_WHAT IS EXPECTED_
Verbatim copy, images omitted: return the full listing.

_DATA SEGMENT_
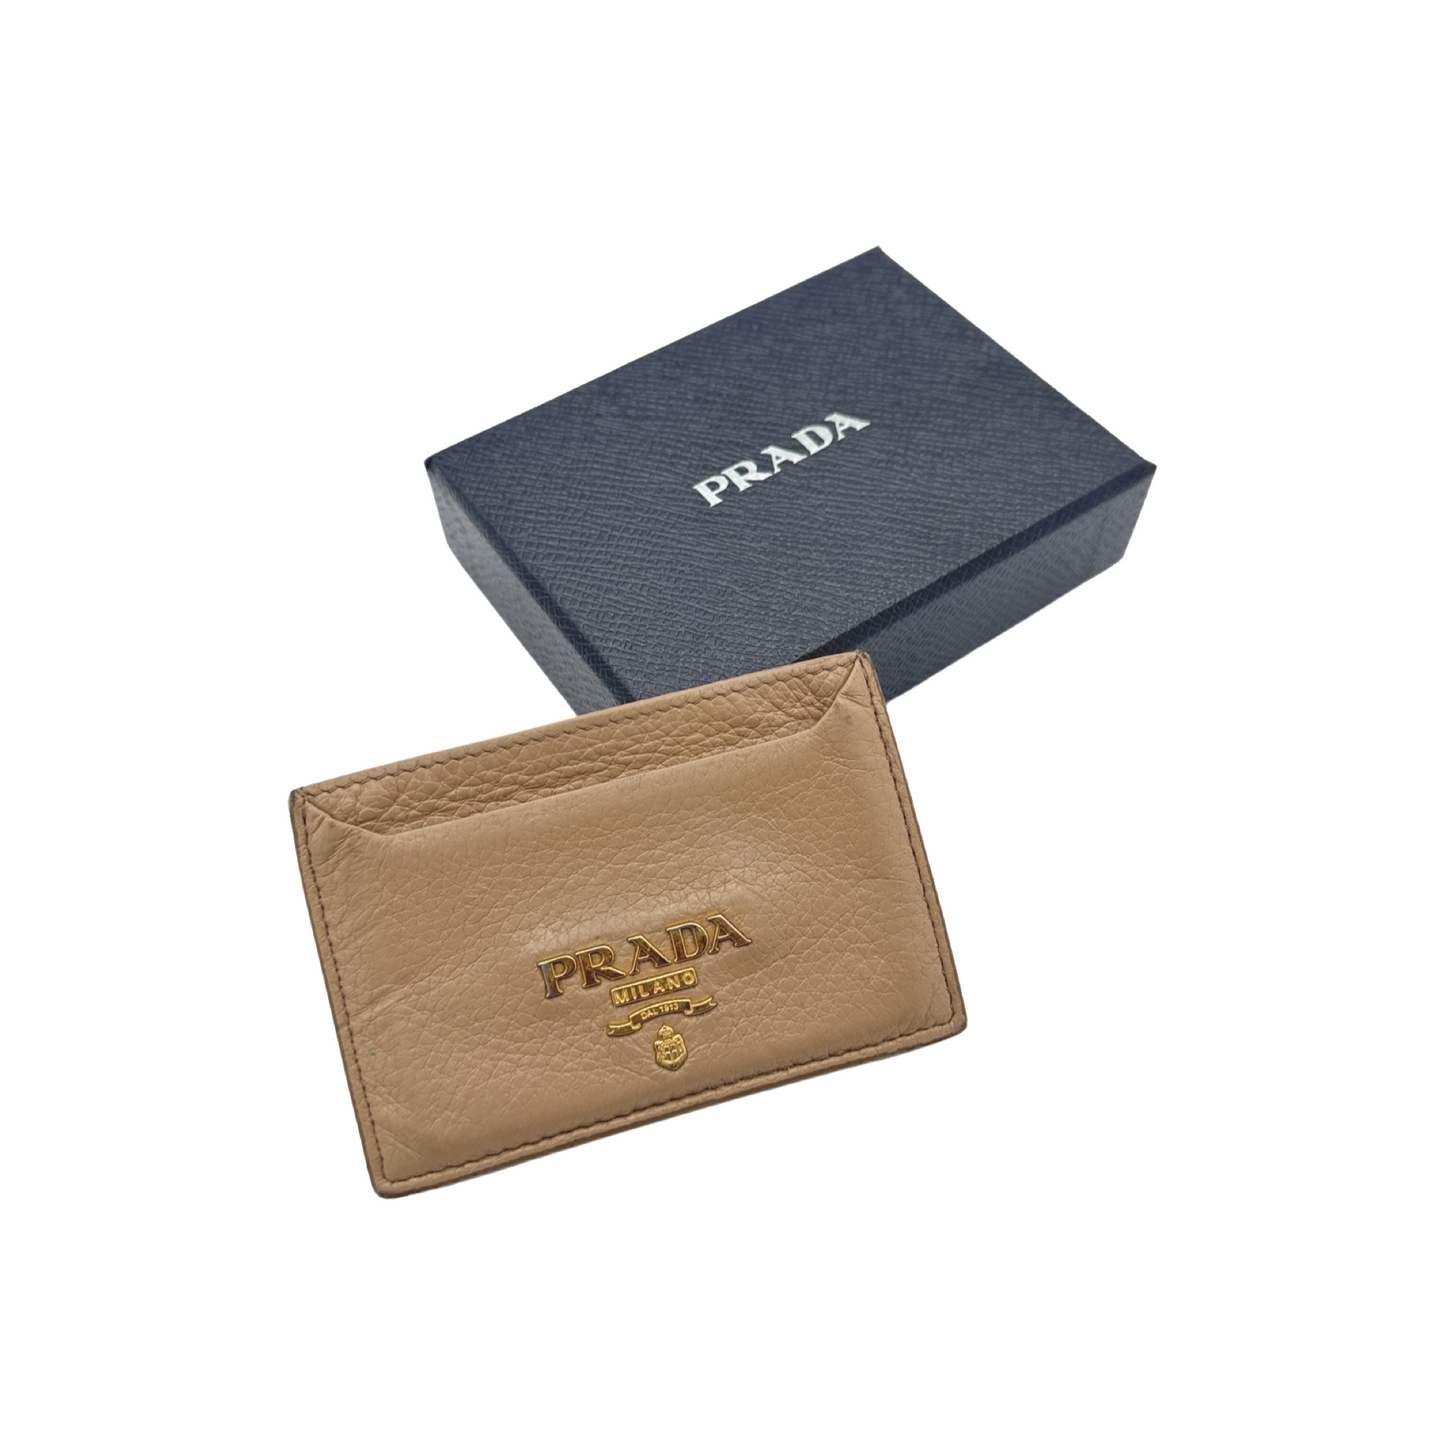 Prada Card Holder Tan (C)
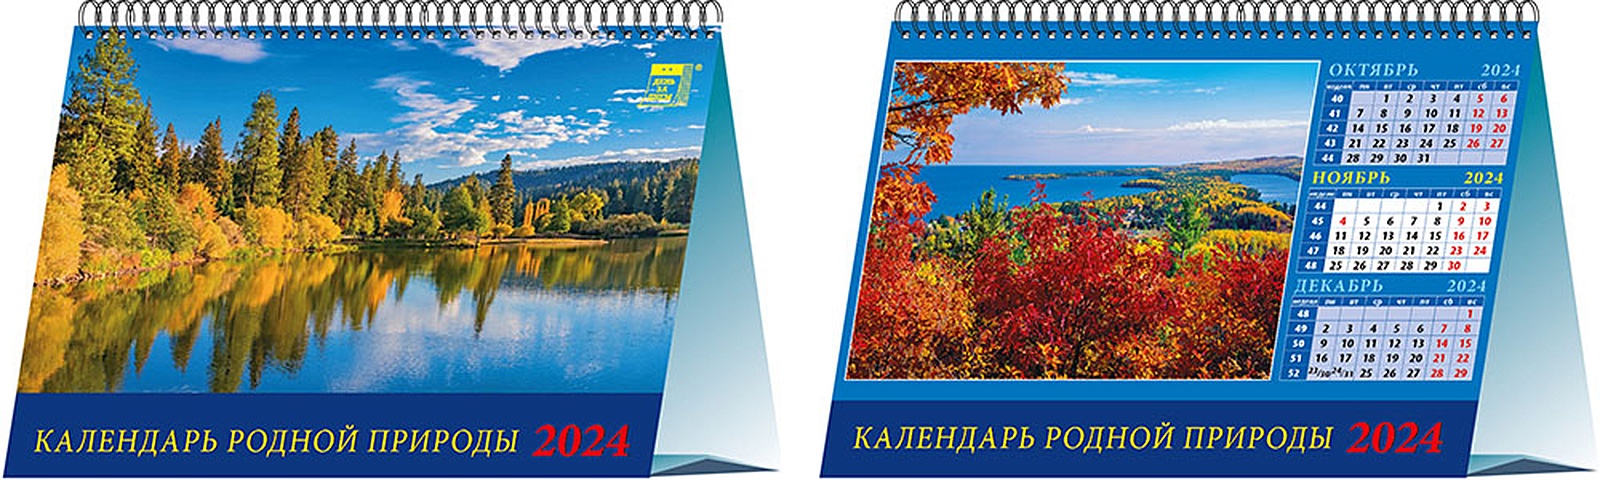 Календарь 2024г 200*140 Календарь родной природы настольный, домик сочиняй мечты календарь домик 2024 год с ежиками
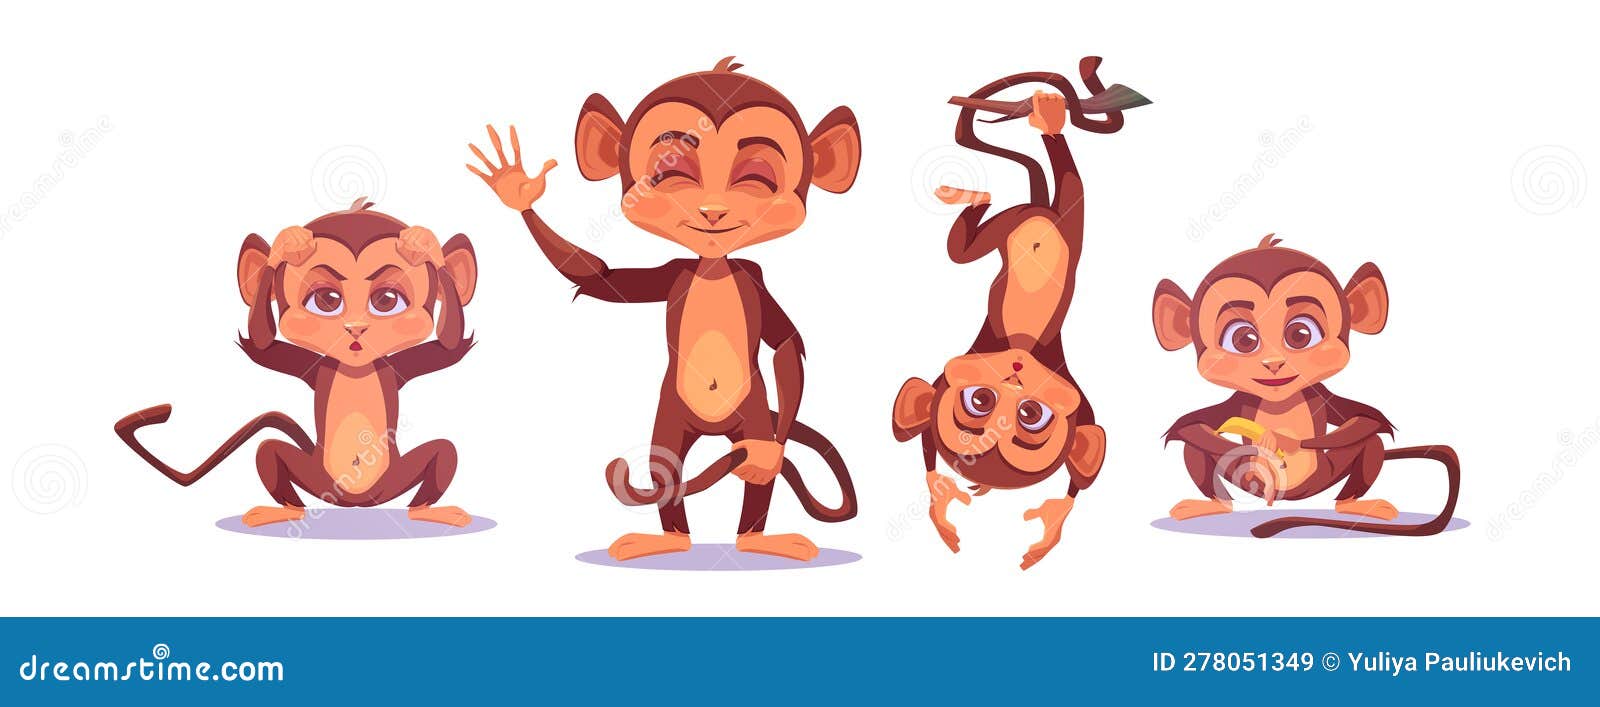 Ilustração em vetor de animal fofo de desenho animado de macaco infantil

_COMPLETED TASK_
 Prada Card Holder Tan (C)
 Календарь 2024г 200*140 Календарь родной природы настольный, домик сочиняй мечты календарь домик 2024 год с ежиками
 Ilustração em vetor de animal fofo de desenho animado de macaco infantil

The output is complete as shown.